Further examination paints a much more dire and serious picture. The 2019 Congressional Black Caucus report says that death by suicide among Black youth is rising faster than any other racial group. Suicide ranked as the third leading cause of death in Black men from ages 15-24 and Black men are four times more likely to die by suicide than Black women.

Overall, much can be learned from differing rates of suicide among groups. For example, “because of pervasive racism, Black Americans experience substantial stress, fewer opportunities for advancement and more threats to well-being,” writes Austin Frakt in the New York Times. “These negative experiences can degrade mental and physical health, as well as limit education, employment and income — all of which can increase suicide risk.

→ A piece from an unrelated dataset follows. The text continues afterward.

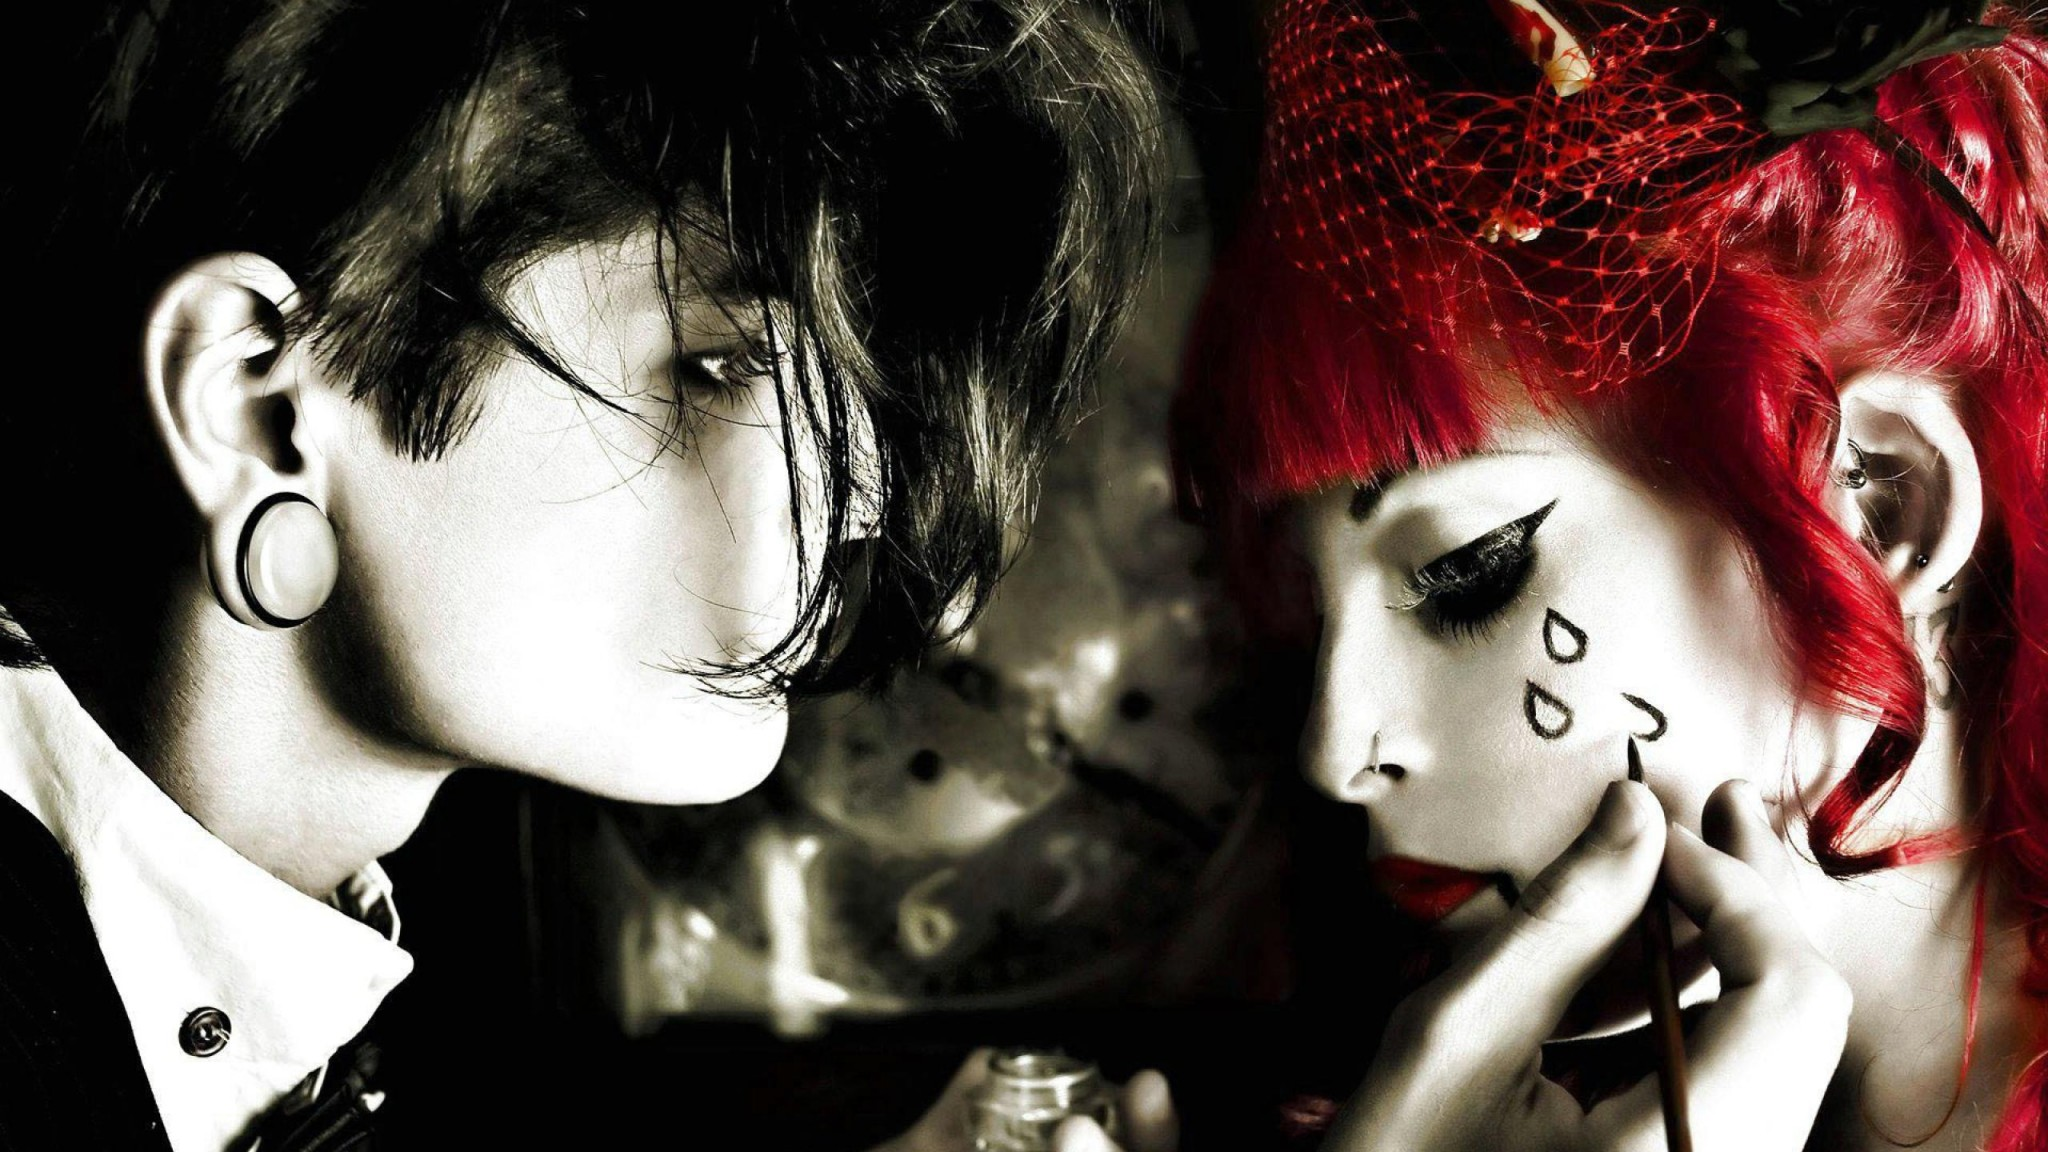 Girls Emo Style    HD HD Wallpaper

Unemployment, which is higher for Black Americans than white Americans, is itself a source of stress.”

Michael A. Lindsey of New York University worked on a study which showed that highschool suicide attempts for Whites  Latinos and Asians decreased from 1991 to 2017. However, in this time period the number of attempts by Blacks has increased substantially — by 73%.

“Over the last decade, suicide rates in the United States have increased dramatically among racial and ethnic minorities, and Black Americans in particular,” writes Rheeda Walker, professor of psychology and director of the University of Houston’s Culture, Risk and Resilience Lab. “Suicide deaths occur across the lifespan and have increased for Black youth, but the highest rate of death is among Black Americans aged 25-34 years of age.”

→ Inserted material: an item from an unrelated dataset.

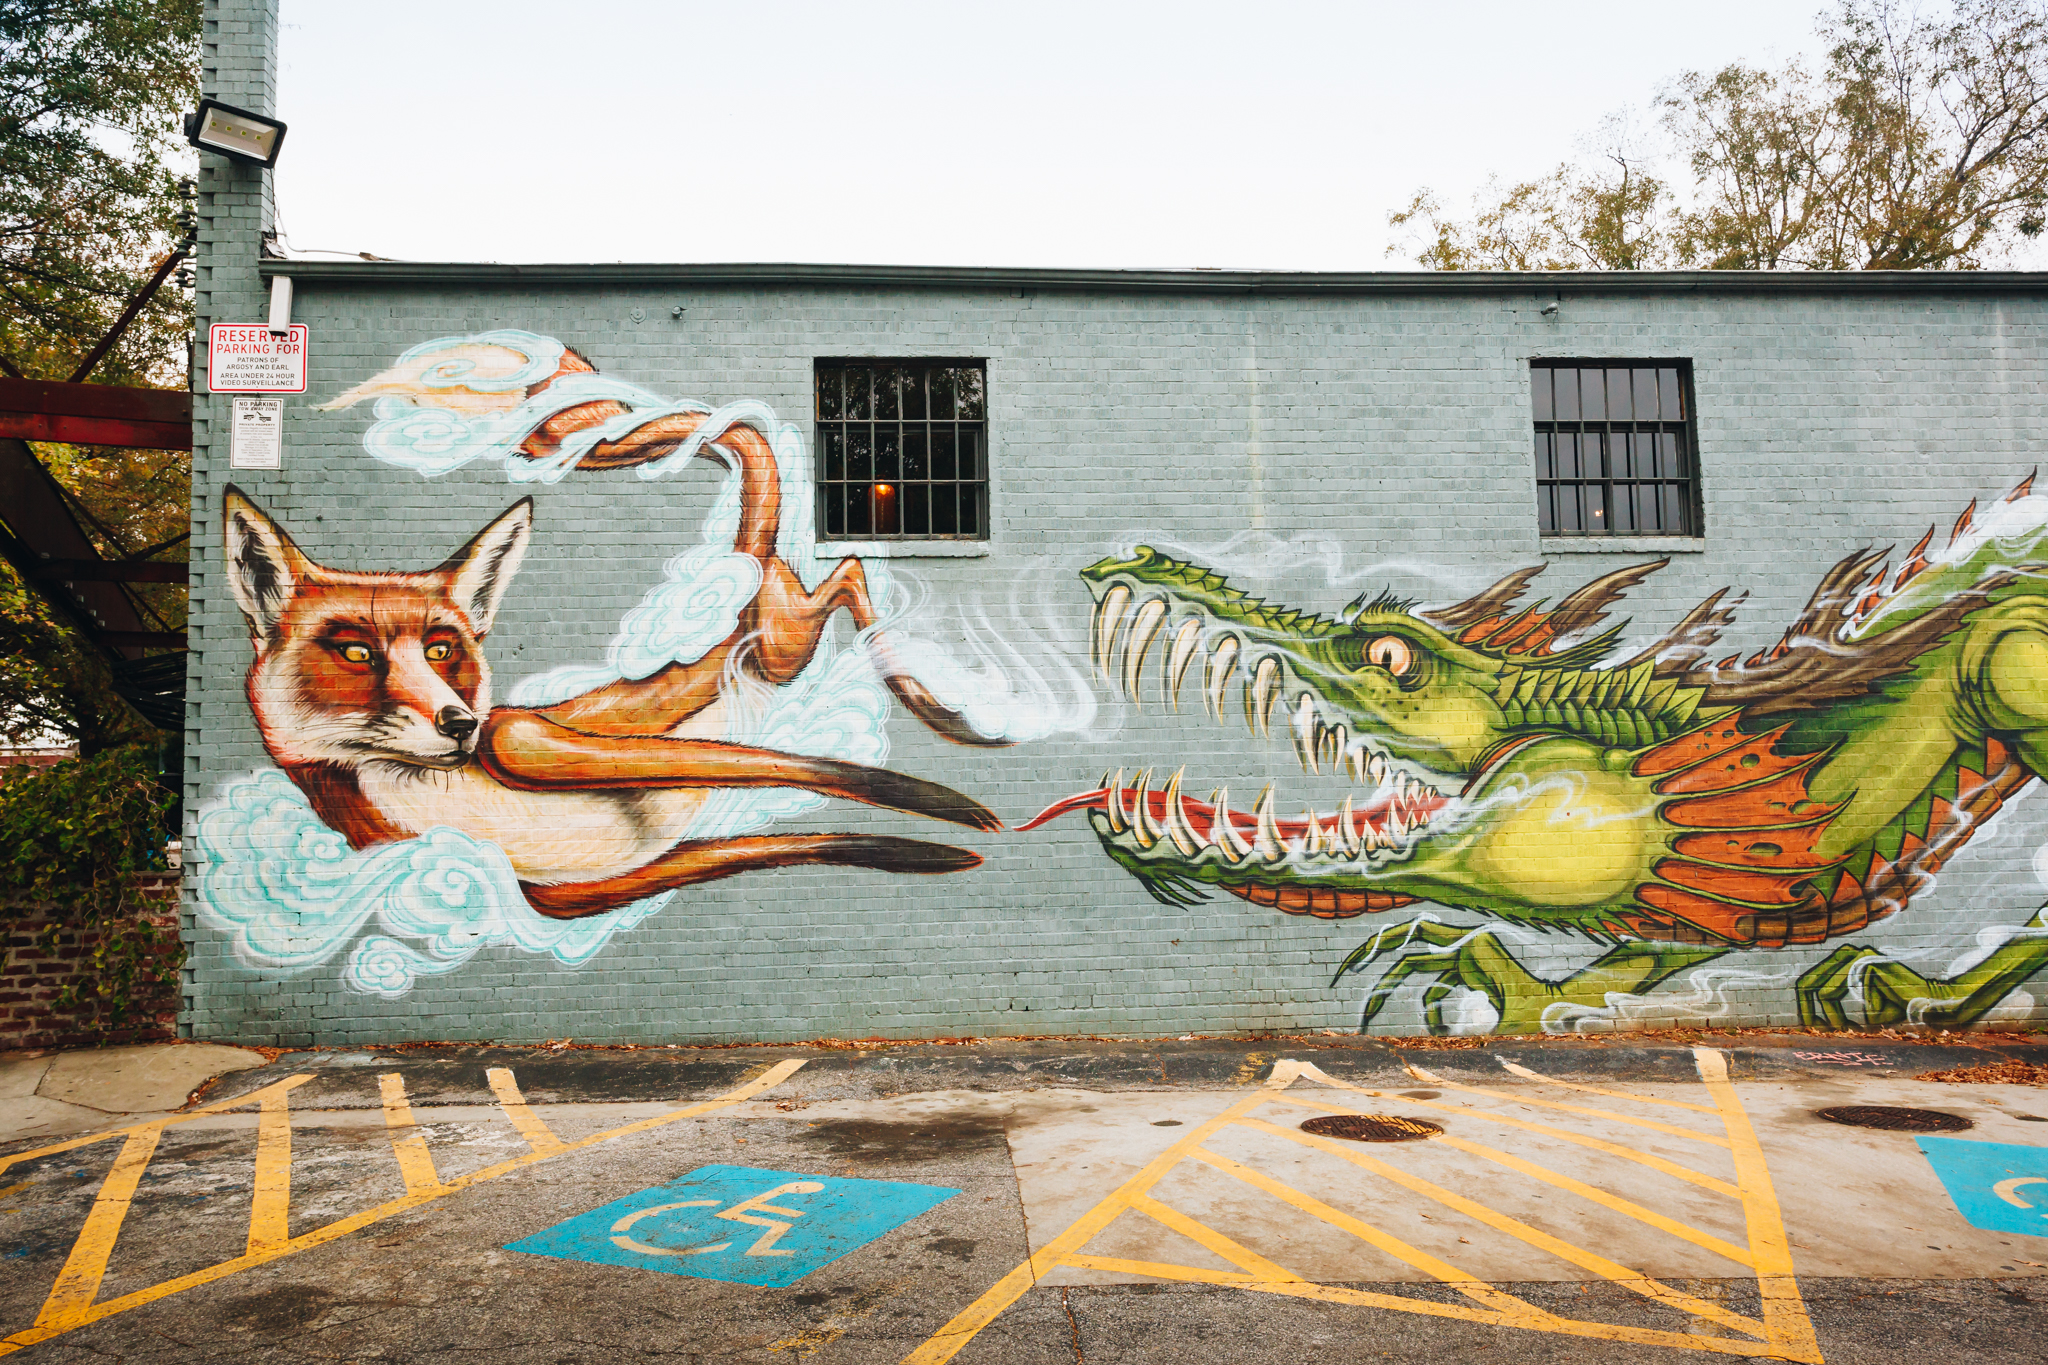 Argosy mural in East Atlanta Village

Bullying, trauma and racial discrimination are clear risk factors for Black youth. However, research shows that those who attempt suicide are less likely to have been diagnosed with a mental illness, perhaps due to reduced access to mental health care.

“What can I do?” many ask. Experts suggest parents should also start talking to children, as early as possible, about their feelings and how to process them. For further insights, watch more stories on the rise of Black youth suicide here: “A Different Cry.”  As with other public health problems, such as drunk driving, we need to continue bringing these conversations into the public arena. Historically marginalized populations are especially vulnerable, but we have noticed a rise in African American suicides from middle class and wealthy families also. Unique experiences must be put at the front of the discussion. Awareness, education and support are the key.

Moving Forward

When I feel completely and utterly alone, I push myself to reach out. If I don’t feel like talking aloud, I use Facebook messenger, email, text, prayer, and even walking at night and talking to the stars. There is something about the expanse of the universe, be it through the world wide web or a brilliant night sky, that reminds me that I am worthwhile and part of something larger.  It reminds me that I’m not alone, and that I (and the choices that I make) matter to someone. This is comforting.

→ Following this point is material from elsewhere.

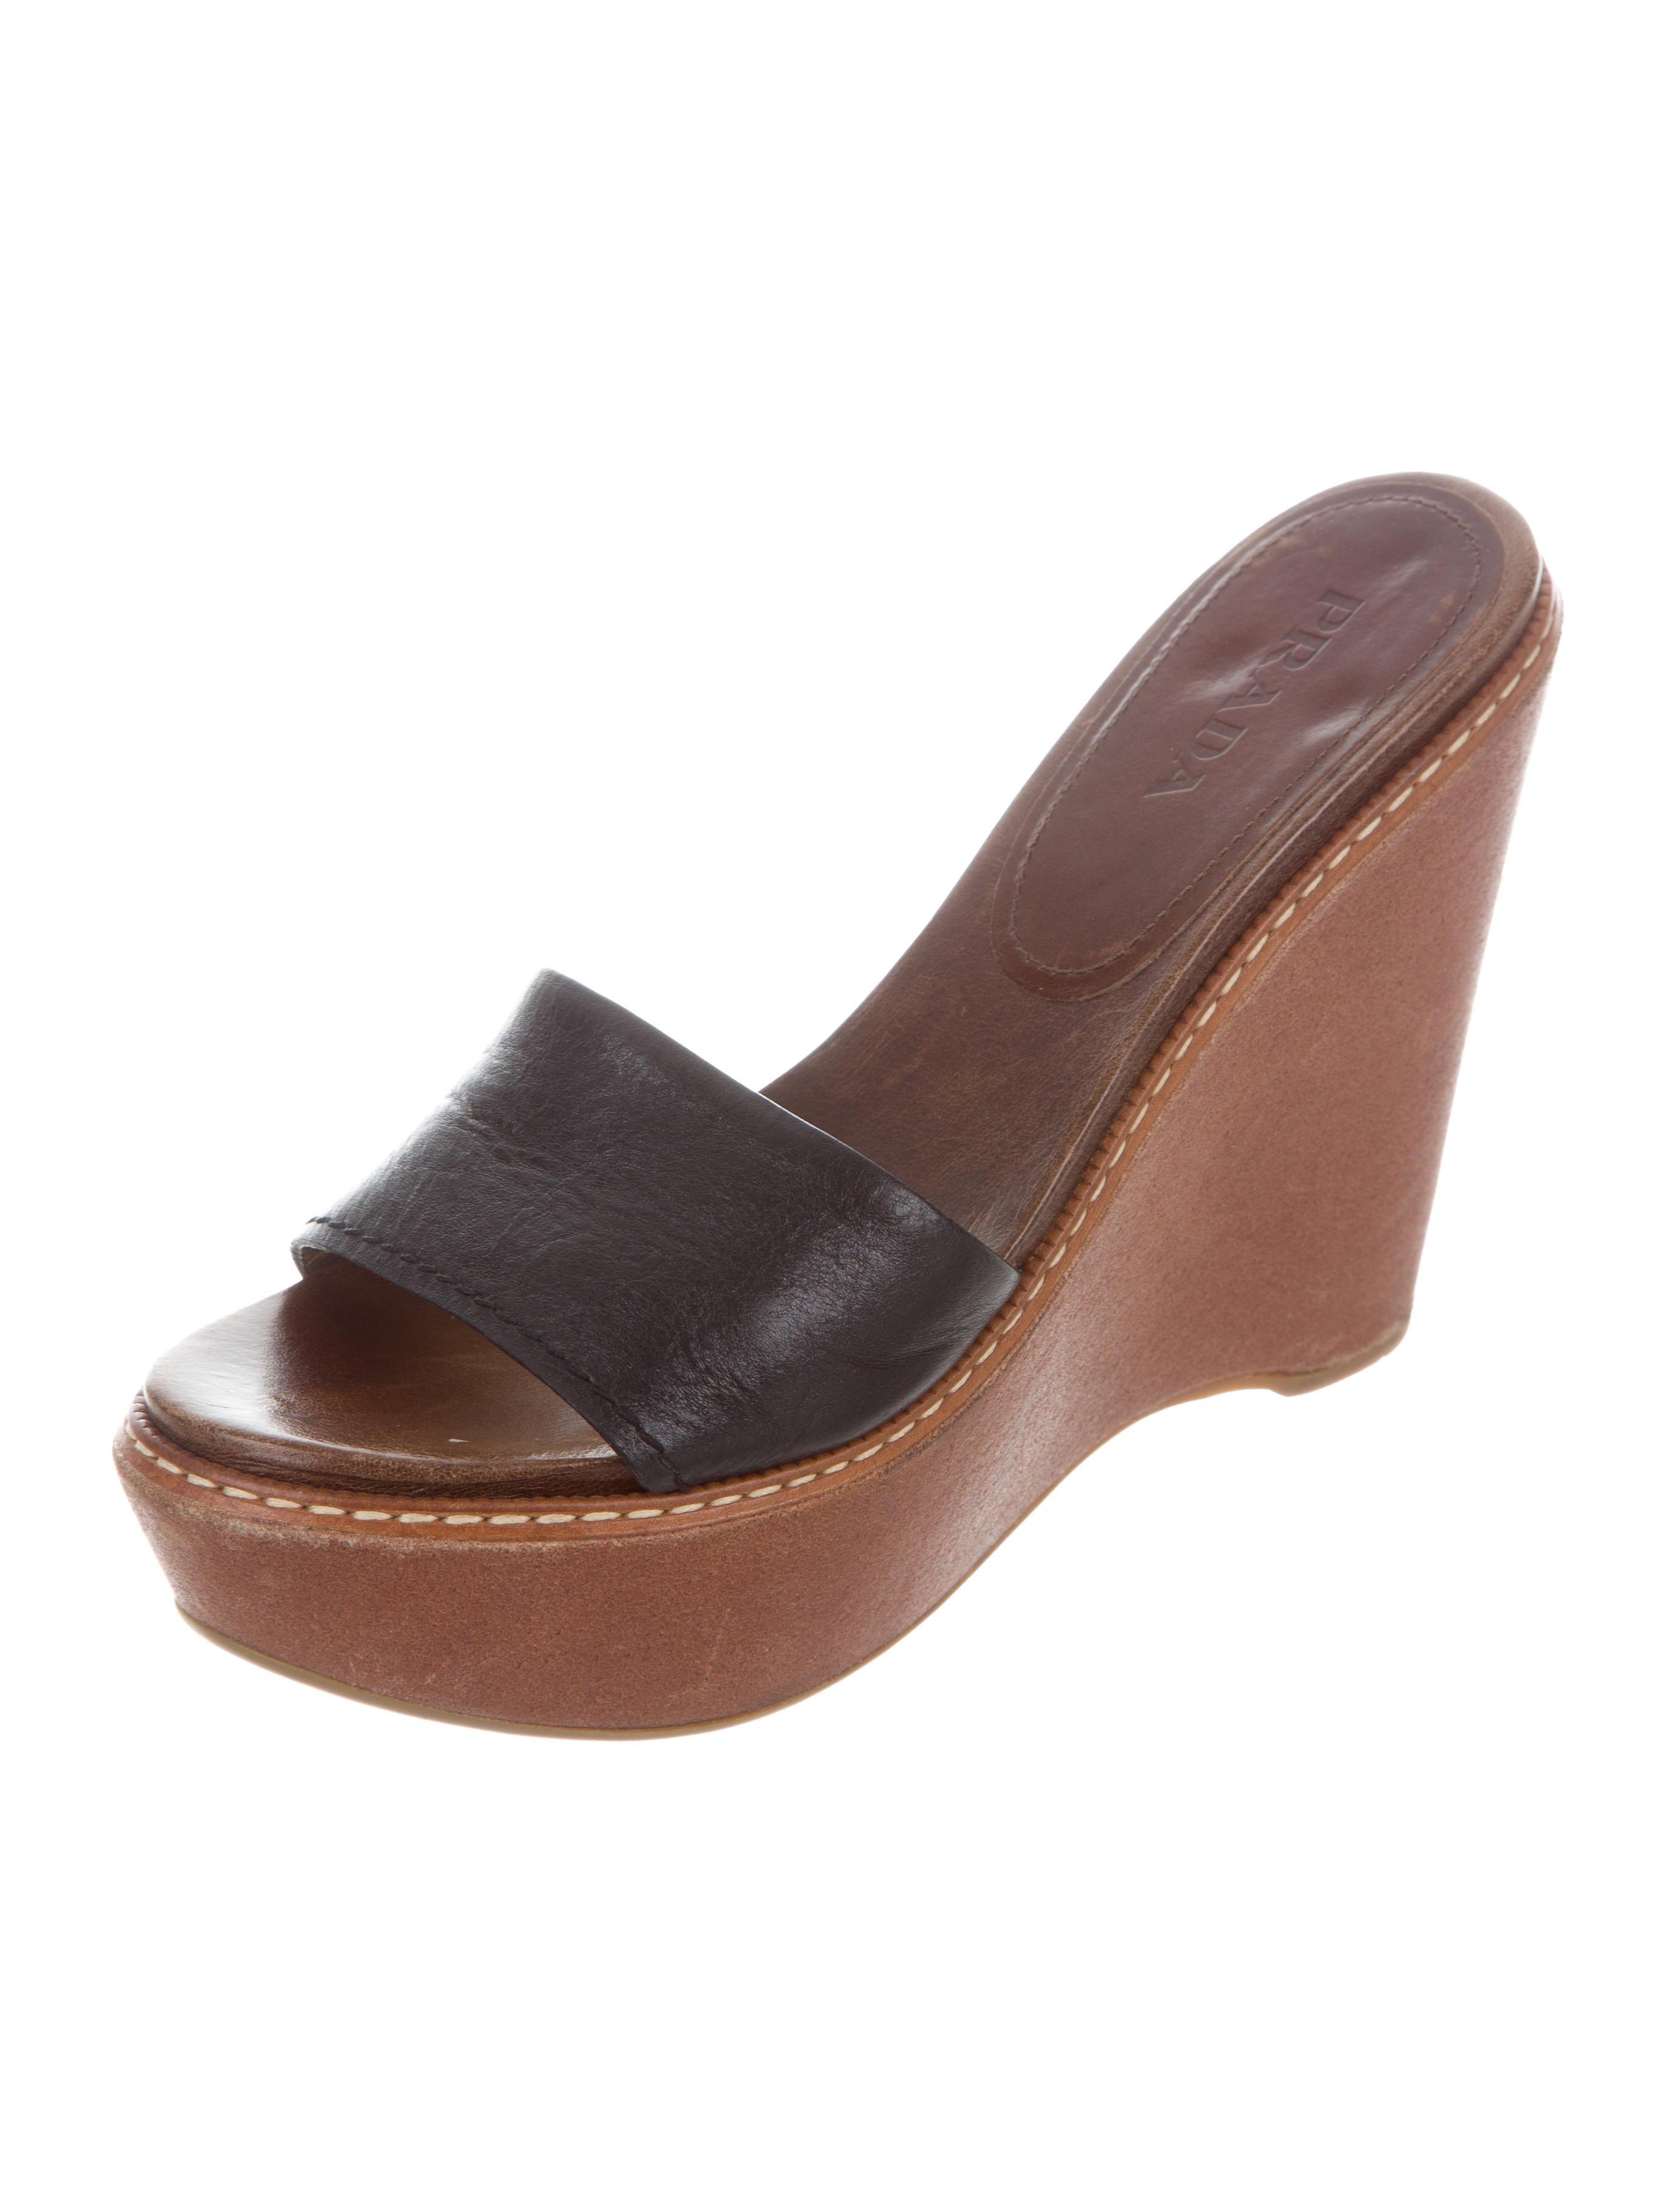 prada platform slide wedges shoes pra162868 the realreal

I remember that when in a depressed state, I’m not in a position to make permanent decisions, especially when there’s no one there to offer perspective. When it feels impossible to focus on anything other than what makes me angry or sad, I find a distraction. My journey has taught me that no matter what the voice of depression says, I don’t have to believe it. When mental anguish seeks to overwhelm me, my combination of a stable church group; supportive friends; therapy; a family-focus; behavior modifications; support groups, taking in uplifting art, music and media; allowing myself to “not be productive” all the time; positive self-talk; intermittent fasting, and overall self-acceptance always finds me stronger than I thought I was, yesterday, or even a few minutes earlier. Finally, I forgive others and I forgive myself. The future is bright. If I can come this far, only greater things can lie ahead. 

The author, who prefers to remain anonymous, is an Ivy League graduate and current university  instructor. He has published a dozen books and hundreds of articles. He has been happily married for 20 years and is the loving father of three daughters.